The reason this does not happen is that your brain has an unconscious concept of where your body is in space, created by visual, vestibular, and proprioceptive inputs. Your brain determines where you are in the world, and calculates the expected shift in your center of mass. It uses this to fire stabilization reflexes milliseconds before you move, so you can perform the movement effectively and efficiently.
If your brain receives inappropriate inputs from your eyes, your inner ear, or your muscles and joints, or if it is unable to integrate these inputs properly, your unconscious concept of where you are in space will be wrong. This leads to you firing the wrong stabilization reflexes, your muscles and joints fire inappropriately, and you predispose yourself to re-injury whenever you move.
This process need not have anything to do with muscular strength or tone; it involves inappropriate neurological control. We regularly see professional athletes with remarkable physical strength that are continuously reinjured due to poor neuromuscular control.

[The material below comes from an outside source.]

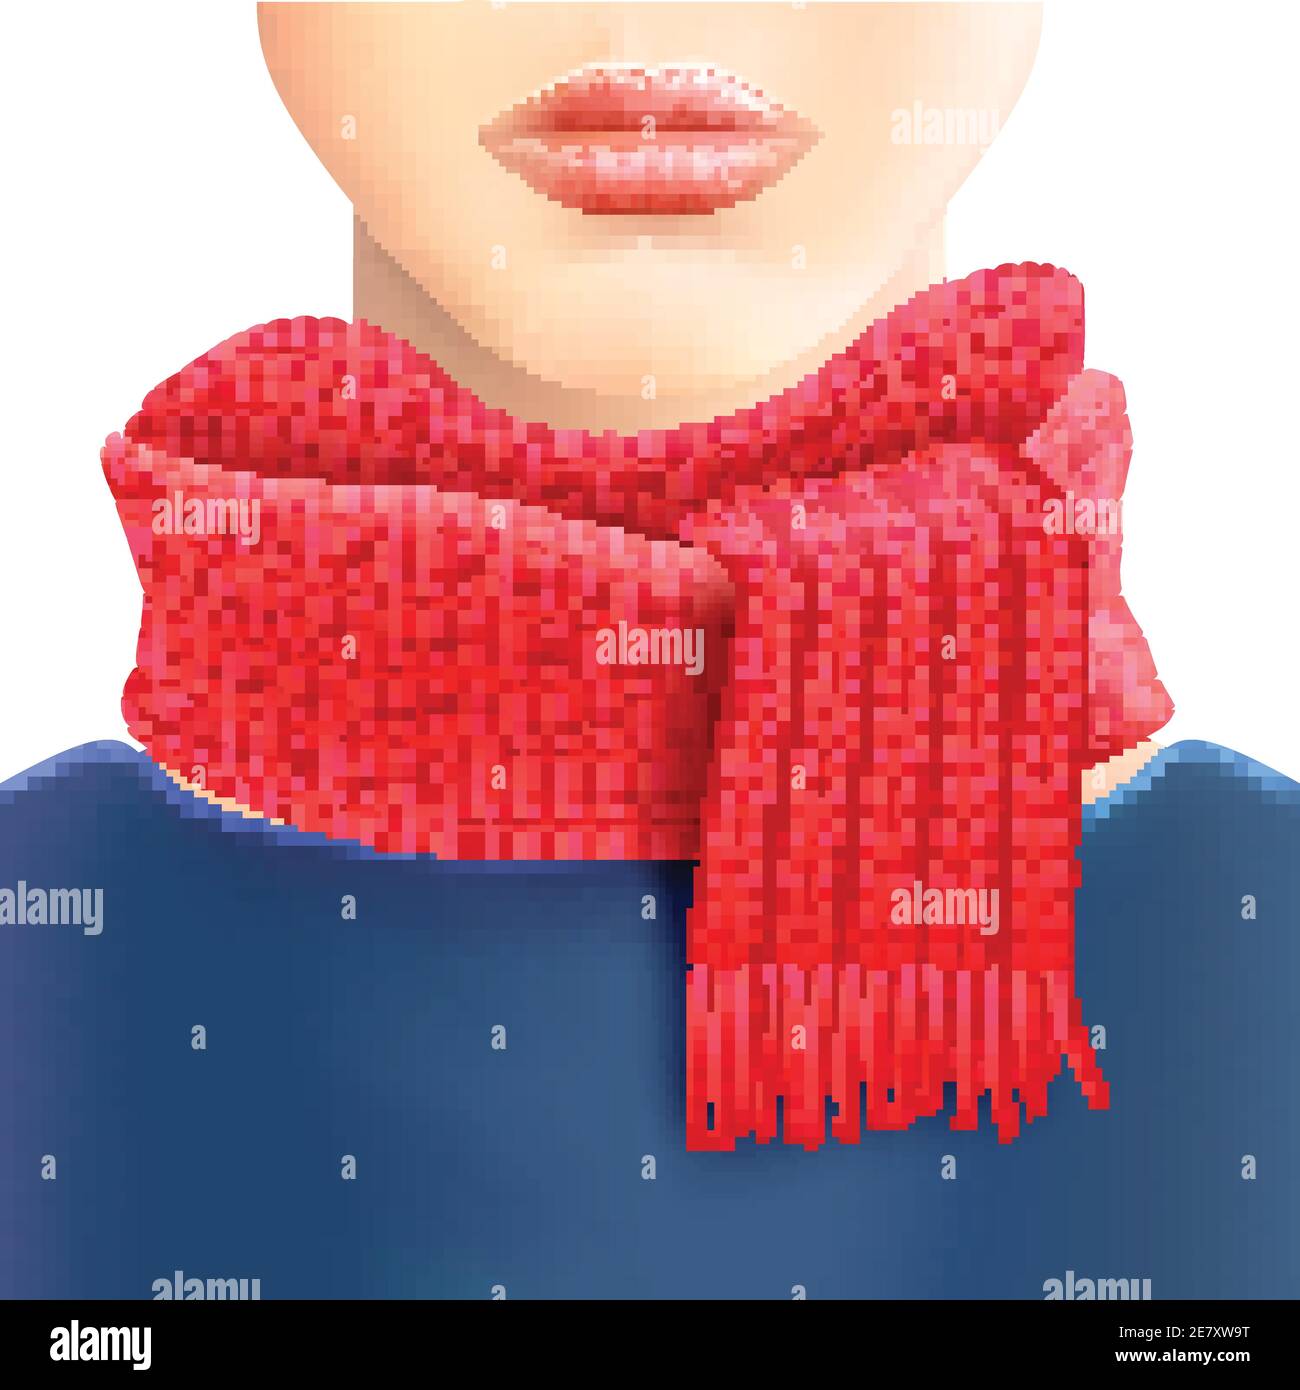 Frau modisch gestrickt roten Schal für Schaufenster und Freizeitkleidung Winter Accessoires Kataloge Vektor Illustration Stock Vektor

Once we identify deficiencies in your neuromuscular control mechanisms, we can start by rehabilitating their function and integration directly. This often involves some form of visual or vestibular rehabilitation, and may involve photobiomodulation or electrical neuromodulation strategies as well.
Once proper control function and integration have been restored, we can begin to use similar forms of stimulation along with specific physical therapy exercises and joint manipulation therapies to begin to rebuild your structural foundation from the inside out. As you improve, we make the exercises more dynamic, more challenging, and usually, more fun.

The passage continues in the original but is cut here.